(497b) Novel Full-Ceramic Multi-Tubular Membrane Systems for Pre-Combustion CO2 Capture with Simultaneous H2 Production: Fabrication, Performance Testing, and 3D CFD Modeling

Inorganic membranes show promise for application in pre-combustion CO₂ capture with simultaneous H₂ production. State-of-the-art systems for use under high temperature and pressure conditions consist of multiple membrane tube bundles prepared in a "candle-filter" configuration, in which the membrane tubes are open at one end and sealed at the other. This configuration is used for practical reasons, specifically the need to minimize potential problems due to thermal expansion mismatch, at high temperatures, between the ceramic tube bundle and the steel housing. The primary technical problem with the candle-filter configuration for use in commercial-scale installations is the inability to purge the permeate side (typically the tube side), a feature that is crucial for high H₂ recovery. In this study, we fabricated dual-end open, commercial-size ceramic multiple-tube bundles made of zeolite, palladium (Pd), and carbon molecular sieve (CMS) membranes that enable permeate-side (tube-side) purge for gas separation applications. Experimental gas separation data with these membrane bundles under harsh operating conditions (temperatures up to 350 and pressures up to 800 psig), to be presented at the meeting, manifest excellent performance.

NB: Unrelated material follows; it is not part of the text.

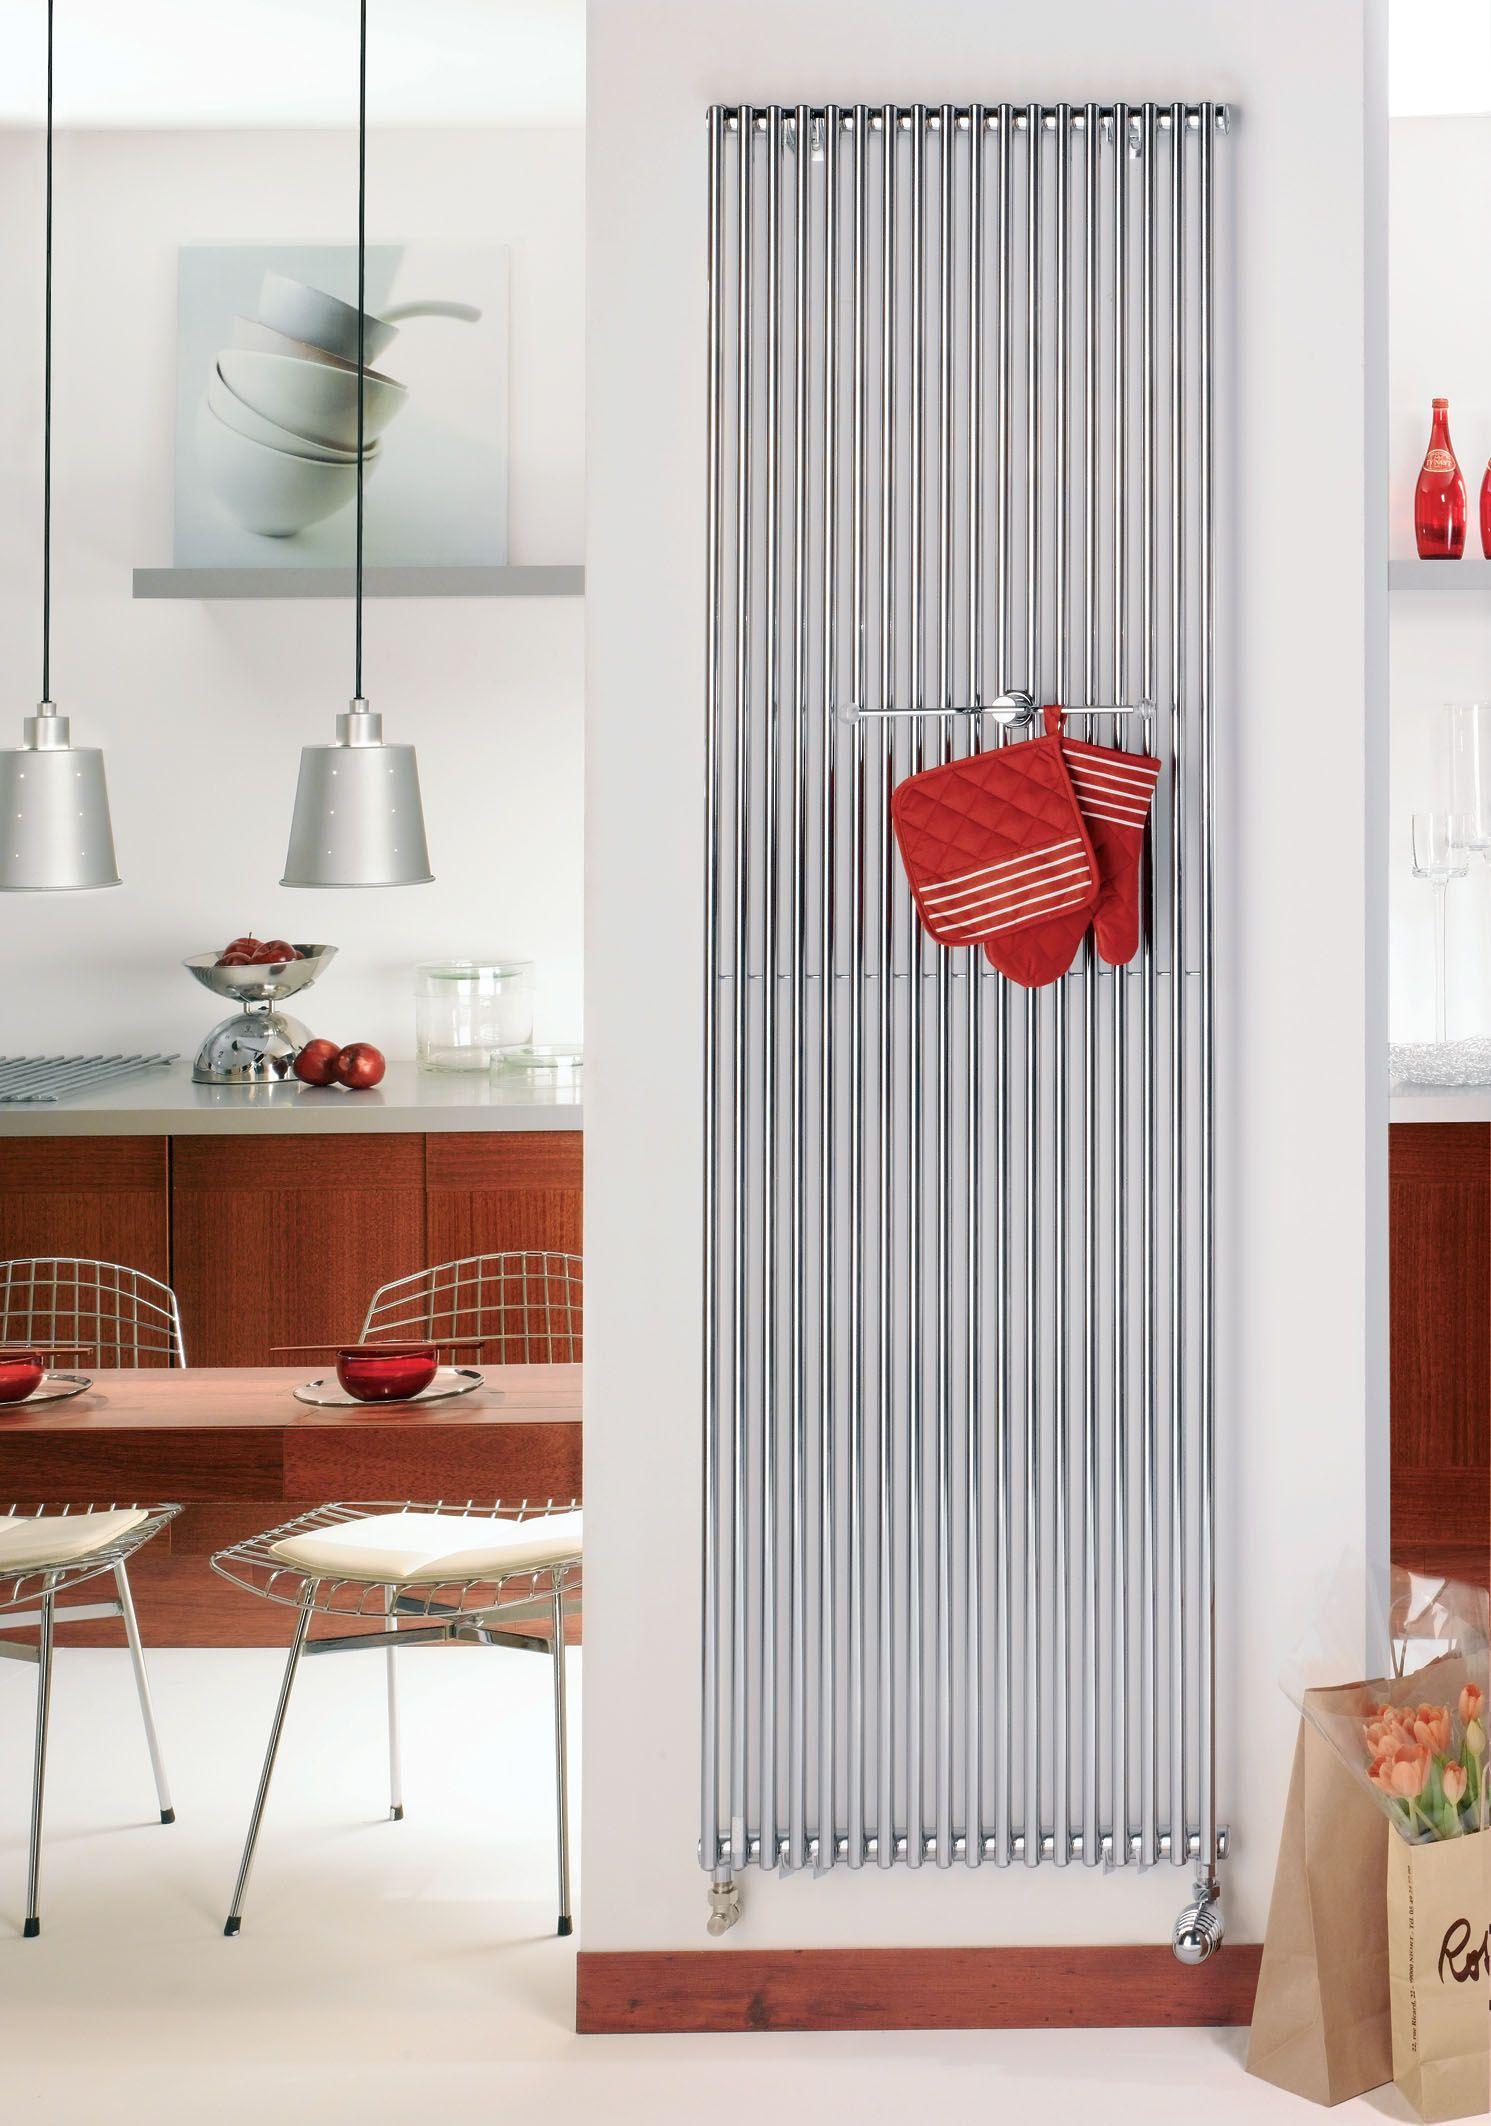 radiateur acova k va cuisines pinterest radiateur chauffage et chauffage central. Black Bedroom Furniture Sets. Home Design Ideas

Parallel to the membrane bundle construction and testing efforts, we have also developed a detailed 3D CFD modeling package using COMSOL Multiphysics software to gain more insight into the effect on the H₂ purity and recovery of the detailed geometry of the multi-tubular membrane system, including the number of tubes used, their dimensions, and placement in the bundle, as well as the number, type, and positioning of internal baffles and other flow-enhancement accessories. The CFD package is validated with experimental data from different systems (1-tube, 3-tube, and 19-tube bundles), and shows high accuracy in predicting the experimental results (<5 % error in all cases). The results of our study show that the detailed internal geometry of these multi-tubular membrane systems has a considerable impact on the performance of the system as the flow maldistribution within the shell-side can substantially decrease (>40%) the H₂ recovery.